Payroll and performance: exploring the relationship between the two

Ghina Fahs
May 23, 2023
Payroll and performance: exploring the relationship between the two
Core HR
Employee experience

Payroll and employee performance might seem like two completely separate aspects of a business, but they’re actually more interconnected than you might think. Before we get into the details, let's start by defining what we mean by payroll and performance. Payroll is the process of paying employees for their work (which can include their wages, salaries, and benefits), and performance is a measure of how well an employee is doing their job and meeting their goals.

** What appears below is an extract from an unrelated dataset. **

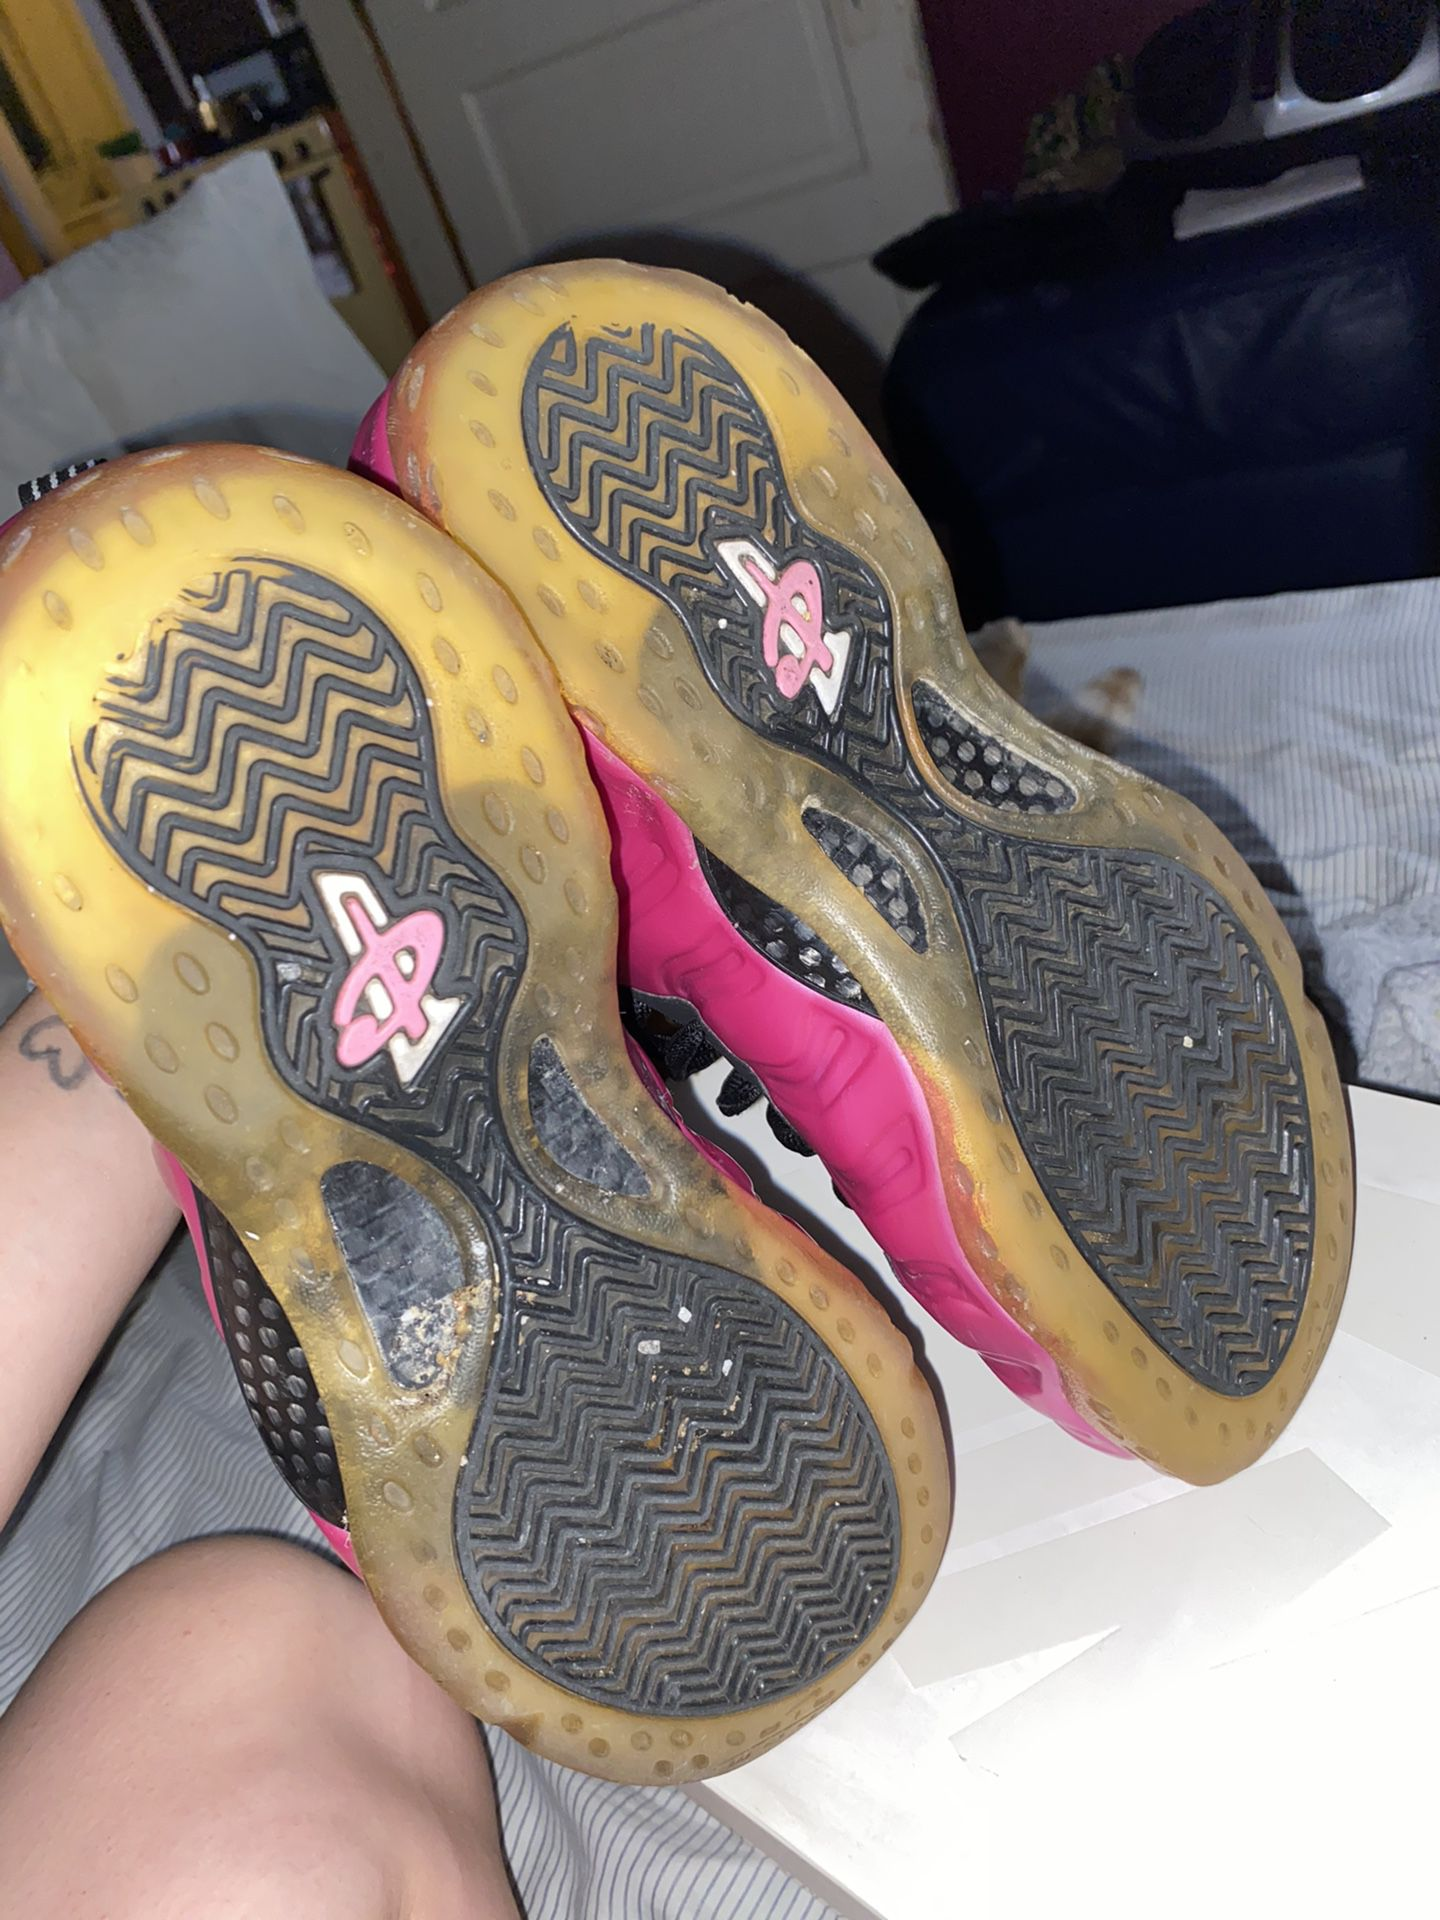 Pearlized Pink Foams

In this article, we'll dive into the interesting relationship between these two topics and how to make sure that the connection is a beneficial one that positively impacts your company's success.


How are they connected?

When compensation is fair, accurate, and timely:


While pay alone is not sufficient enough for job satisfaction, paying employees fairly and competitively is one contributor to keeping them motivated and engaged. When employees feel that they’re paid fairly for their work, they’re more likely to be satisfied with their jobs and perform better.

Research shows that giving employees fair rewards for their hard work leads to an upgrade in their efficiency and overall job performance. Even though this productivity boost might only be around 3%, it can snowball into bigger gains as employees become more motivated and focused. Plus, when employees feel valued and rewarded, they're less likely to leave in search of greener pastures just to make ends meet.

To add to that, employee salaries must arrive accurately and on time, every time. If your people are worried about their paychecks being delayed or incorrect, this can lead to increased stress and anxiety, which can negatively impact their performance. On the other hand, if your employees are confident they’ll be paid accurately and on time, they’ll have one less thing to distract them from staying focused and engaged at work.

As an HR manager or business owner, it's your responsibility to ensure that your employees are receiving their salaries worry-free. This involves keeping track of hours worked, calculating taxes and deductions, and ensuring compliance with labor laws. Keep in mind that if payroll is done manually, it can be far more time-consuming, error-prone, or lead to delays in payment.

This is where payroll automation (insert link to alfii article) comes in. By automating payroll processes, you can streamline your payroll operations, reduce the risk of errors, and ensure that your employees are paid accurately and on time. (Automate your payroll process with alfii for free in just a few clicks)

When incentives are clear:


Additionally, some employees—such as those in sales or business development roles—can benefit greatly from linking pay to performance, such as tying compensation to specific performance metrics, such as sales targets or customer satisfaction ratings. This compensation strategy is one powerful way to incentivize employees to achieve better results, because they have a clear incentive to perform well and contribute to the company's success.

Of course, it's important to ensure that these performance metrics are meaningful and achievable, and that employees have the necessary resources and support to meet them. Otherwise, tying pay to performance can create a high-pressure environment that leads to burnout and disengagement.

Another way that payroll and performance are connected through clear incentives is with the use of bonuses and other forms of variable pay. These types of compensation are typically awarded based on an employee's performance over a certain period of time, such as quarterly or annually. By offering these incentives, employers can motivate employees to work harder and achieve better results, while also providing a tangible reward for their efforts.

It's worth noting, however, that bonuses and other variable pay schemes should be used carefully. If they’re seen as arbitrary or unfair, they can actually have the opposite effect and demotivate employees. So it's important to communicate clearly and transparently about how these incentives are awarded and what employees need to do to qualify for them.


With that being said, what can employers do to make sure the connection between payroll and performance is a positive one?

Here are a few tips:

  • Establish clear and fair pay structures: Employees need to feel that they are being paid fairly for their work. This means clear pay ranges and ensuring that compensation is appropriate for and in line with their skills, experience, and performance.
  • Communicate openly and transparently: Employees need to understand how their pay is determined and what they need to do to qualify for bonuses and other incentives. Make sure to communicate this information clearly and transparently, so that employees feel motivated and empowered to perform well.
  • Offer meaningful incentives: Bonuses and other forms of variable pay can be powerful motivators, but they need to be tied to meaningful performance metrics that employees can control. Make sure to offer incentives that are achievable and that provide a tangible reward for employees' efforts.
  • Provide support and resources: To perform well, employees need the necessary resources and support. This could include training and development opportunities, access to technology and tools, and a supportive work environment.
  • Make automation your best friend: By automating your payroll processes, you can make everything run smoothly, reduce the chance of mistakes, and make sure that your hardworking employees get paid correctly and right on schedule.


In conclusion, the connection between payroll and performance is a strong one, and it's important for HR leaders, compensation owners and payroll managers to understand how to create a fair, clear and sustainable system.